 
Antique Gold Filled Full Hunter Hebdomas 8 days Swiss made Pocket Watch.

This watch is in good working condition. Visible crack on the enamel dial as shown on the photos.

------------------------------------

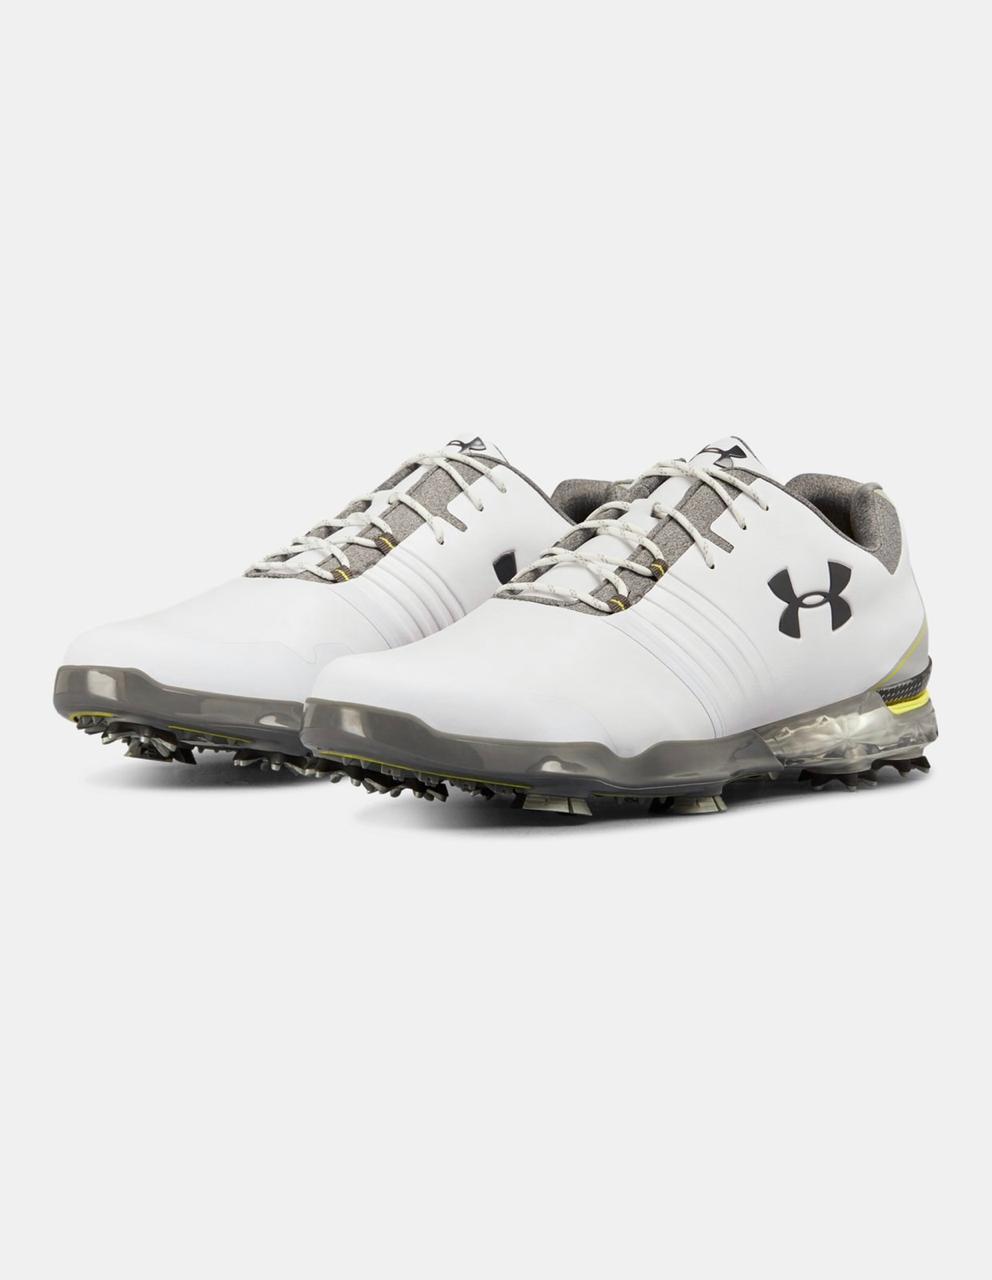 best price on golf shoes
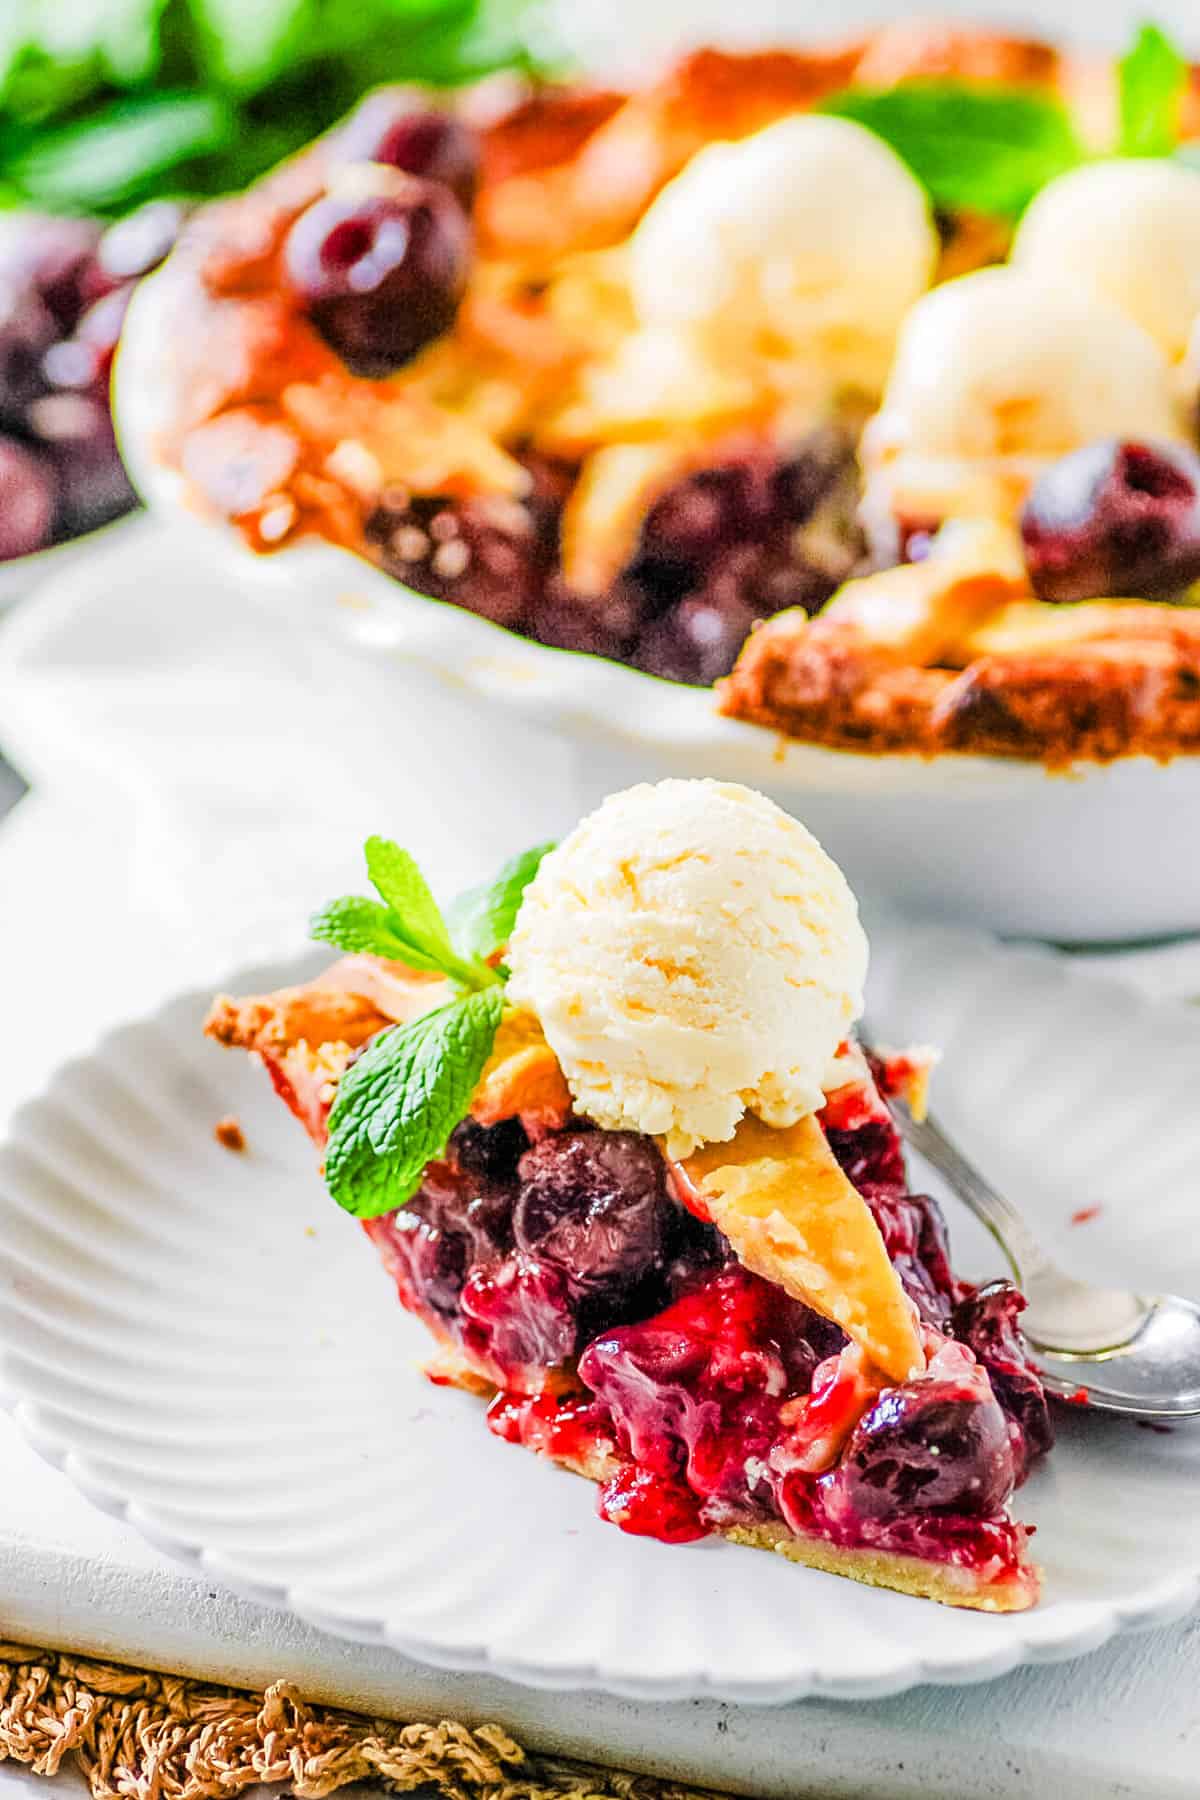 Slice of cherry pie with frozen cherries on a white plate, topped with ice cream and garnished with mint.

------------------------------------

Task goal =
Although pictures appear among the entries, please set down only the lines from the one with "best price on golf shoes" up to and including the one with "Slice of cherry", word for word.

Task answer =
 best price on golf shoes
 Slice of cherry pie with frozen cherries on a white plate, topped with ice cream and garnished with mint.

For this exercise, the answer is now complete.